使用正则表达式在字典中插入值,其中包含模式中的键
Insert values in dictionary using regex which includes key in the pattern
我正在尝试从 PDF 文件中提取数据,因此我将转换后的文本文件的每一行读入一个列表。我有一个预定义的列表,它将用作键。我想用预定义列表中的键创建一个字典并提取相应的值。
例如,该文件将包含
Name : Luke Cameron
Age and Sex : 37/Male
Haemoglobin 13.0 g/dL
我有像这样的预定义列表
keys = ['Name', 'Age', 'Sex']
我的密码是
for text in lines:
rx_dict = {elem:re.search(str(elem)+r':\s+\w+.\s\w+',text) for elem in keys}
输出:
{'Patient Name': None,
'Age': None,
'Sex': None
}
期望的输出:
{'Patient Name': Luke Cameron,
'Age': 37,
'Sex': Male
}
注意:这不是真实数据,相似只是巧合
strings_from_pdf = ["Name : Luke Cameron", "Age and Sex : 37/Male", "Haemoglobin 13.0 g/dL"]

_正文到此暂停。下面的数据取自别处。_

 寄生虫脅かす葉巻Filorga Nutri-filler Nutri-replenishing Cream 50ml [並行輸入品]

keys = ['Name', 'Age', 'Sex']
def findKeys(keys):
dict = {}
for i in range(len(strings_from_pdf)):
if keys[0] in strings_from_pdf[i]:
_, name = strings_from_pdf[i].split(":")
dict['Patient Name: '] = name
if keys[1] in strings_from_pdf[i]:
_, age_and_gender = strings_from_pdf[i].split(":")

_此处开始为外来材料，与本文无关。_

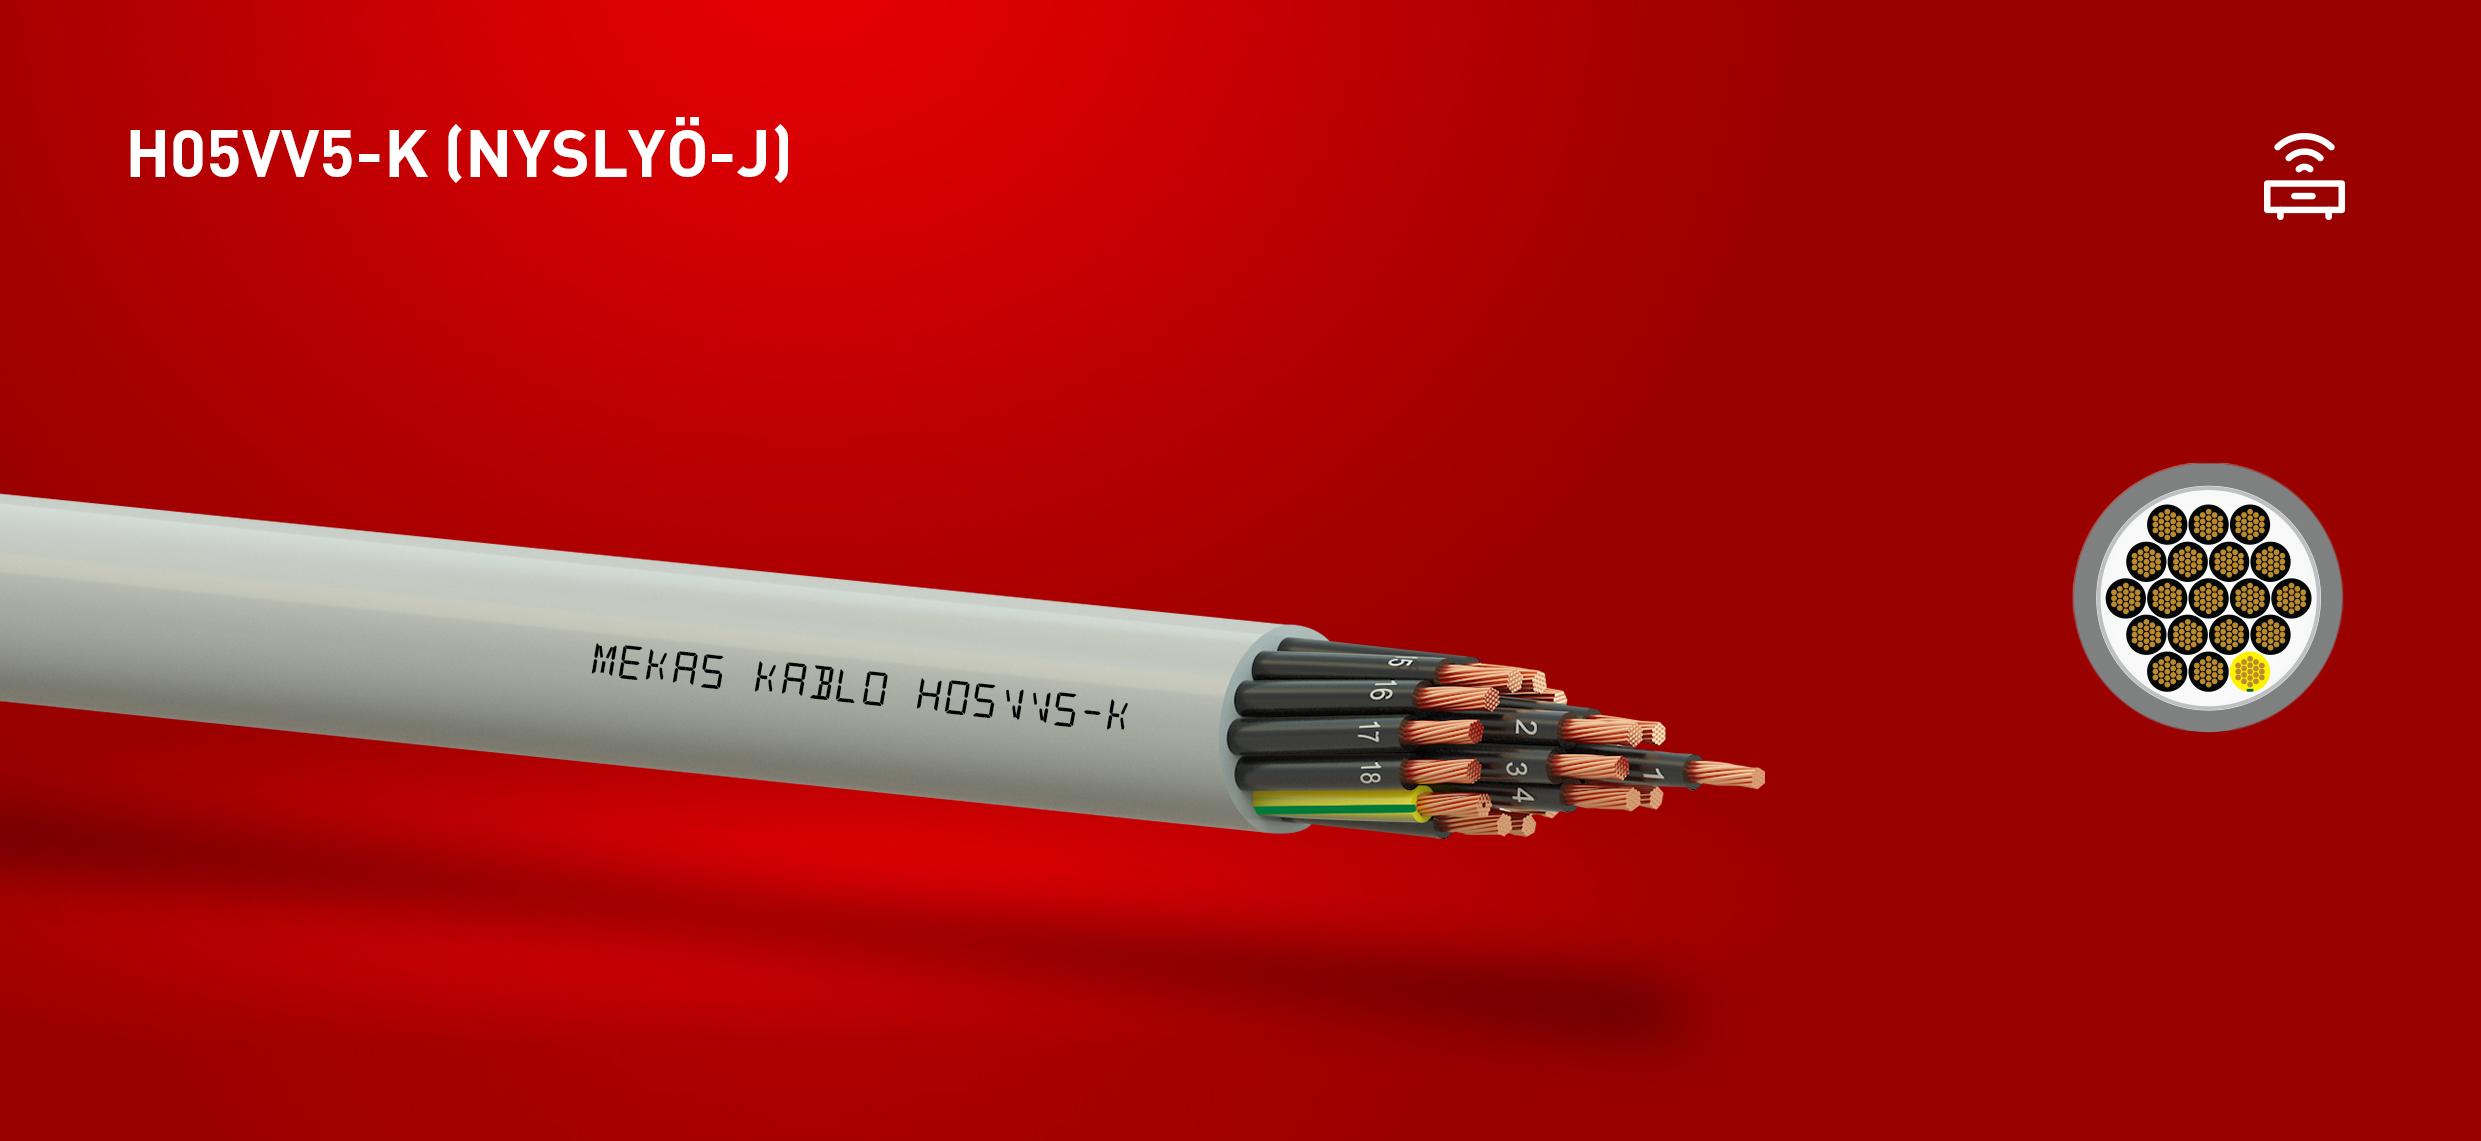 H05VV5-K (NYSLYÖ-J)

age, gender = age_and_gender.split("/")
dict['Age: '] = age
dict['Gender: '] = gender
return dict
dict = findKeys(keys)
你可以使用
import re
data = """
Name : Luke Cameron
Age and Sex : 37/Male
Haemoglobin 13.0 g/dL"""
rx = re.compile(r'^(?P<key>[^:\n]+):(?P<value>.+)', re.M)
result = {}
for match in rx.finditer(data):
key = match.group('key').rstrip()
value = match.group('value').strip()
try:
key1, key2 = key.split(" and ")
value1, value2 = value.split("/")
result.update({key1: value1, key2: value2})
except ValueError:
result.update({key: value})
print(result)
产生
{'Name': 'Luke Cameron', 'Age': '37', 'Sex': 'Male'}
这是一个non-regex方法:
txt = """\
Name : Luke Cameron
Age and Sex : 37/Male
Haemoglobin 13.0 g/dL"""
keys=('Patient Name','Age','Sex')
ans={}
for t in (line.partition(':') for line in txt.splitlines() if line.partition(':')[2]):
if sum(n in t[0] for n in keys)>1:
ans.update(
{k.strip():v.strip() for k,v in zip(t[0].split(' and '), t[2].split('/'))})
else:
ans[t[0].strip()]=t[2].strip()
>>> ans
{'Name': 'Luke Cameron', 'Age': '37', 'Sex': 'Male'}
我正在尝试从 PDF 文件中提取数据,因此我将转换后的文本文件的每一行读入一个列表。我有一个预定义的列表,它将用作键。我想用预定义列表中的键创建一个字典并提取相应的值。 例如,该文件将包含
Name : Luke Cameron
Age and Sex : 37/Male
Haemoglobin 13.0 g/dL
我有像这样的预定义列表
keys = ['Name', 'Age', 'Sex']
我的密码是
for text in lines:
rx_dict = {elem:re.search(str(elem)+r':\s+\w+.\s\w+',text) for elem in keys}
输出:
{'Patient Name': None,
'Age': None,
'Sex': None
}
期望的输出:
{'Patient Name': Luke Cameron,
'Age': 37,
'Sex': Male
}
注意:这不是真实数据,相似只是巧合
strings_from_pdf = ["Name : Luke Cameron", "Age and Sex : 37/Male", "Haemoglobin 13.0 g/dL"]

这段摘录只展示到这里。